Horowitz: E-MASK-ulation: How we have been lied to so dramatically about masks​

What did the scientific literature say before the issue became political?

DANIEL HOROWITZ

If you are looking for the scientific rationale behind universal mask-wearing, you certainly won’t find it now that the issue has become as political as guns, abortion, and taxes. We are now at a point where Canada’s chief public health officer is calling on people to wear masks when engaging in sexual activities and 19-month-old babies are being forced to wear them on airplanes. There is no rational thought in a political cult.
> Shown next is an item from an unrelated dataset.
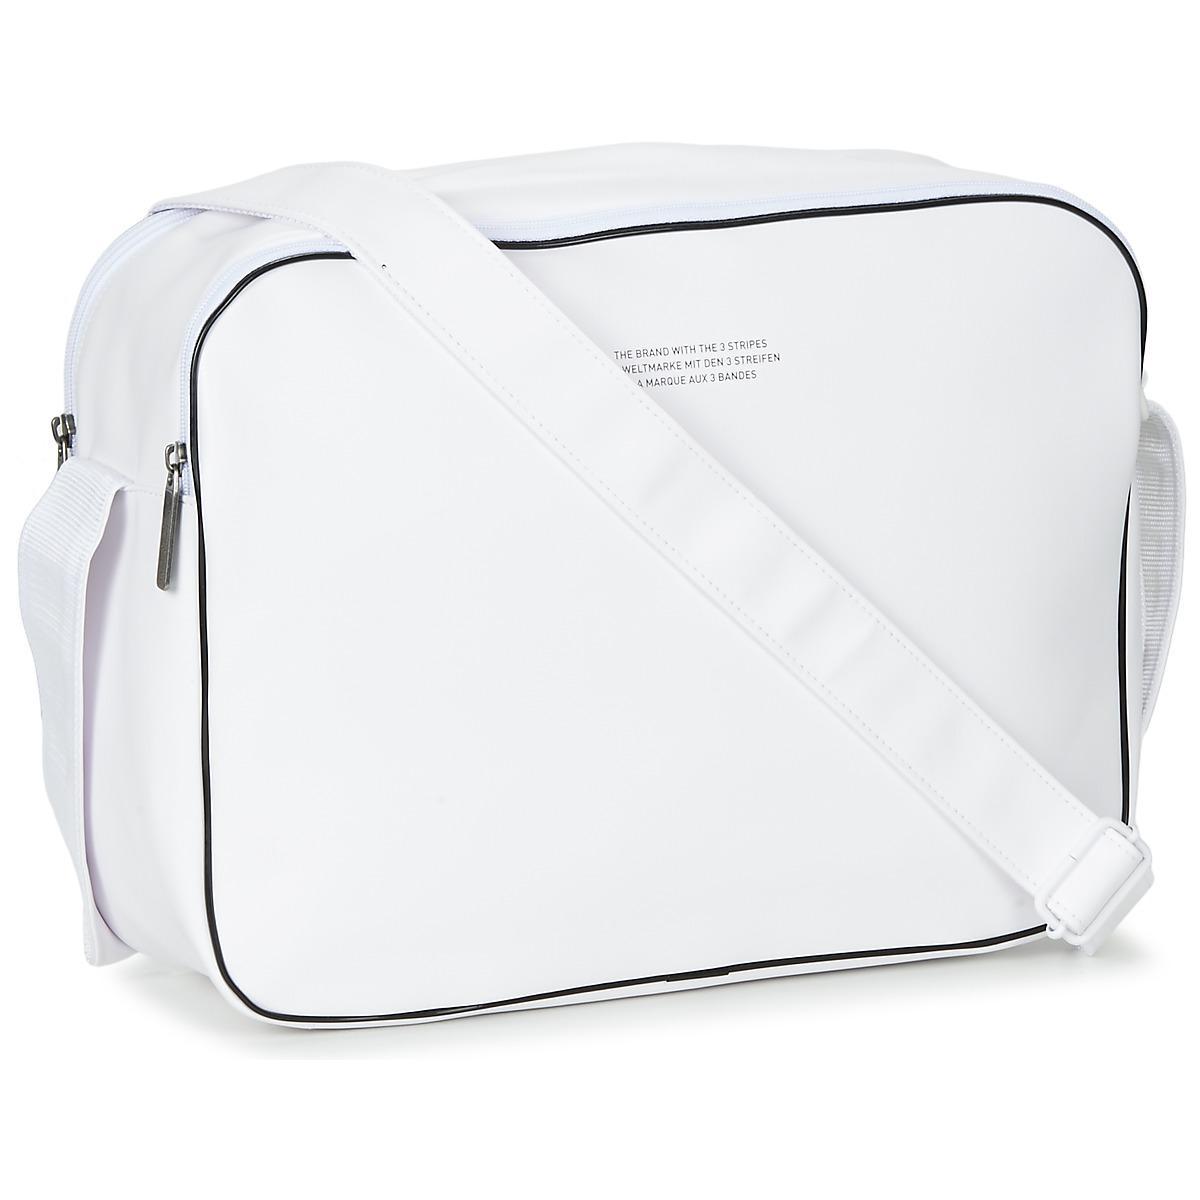 6dfecb6c3358 adidas Airliner Vintage Men s Messenger Bag In White in White for ...

But what did the governmental and scientific literature say on the issue before it became political?

On April 3, already several weeks into the unprecedented lockdown over coronavirus, but before the big media push for universal masking, the Occupational Safety and Health Administration issued guidance for respiratory protection for workers exposed to people with the virus. It stated clearly what governments had said all along about other forms of airborne contamination, such as smoke inhalation — “Surgical masks and eye protection (e.g., face shields, goggles) were provided as an interim measure to protect against splashes and large droplets (note: surgical masks are not respirators and do not provide protection against aerosol-generating procedures).”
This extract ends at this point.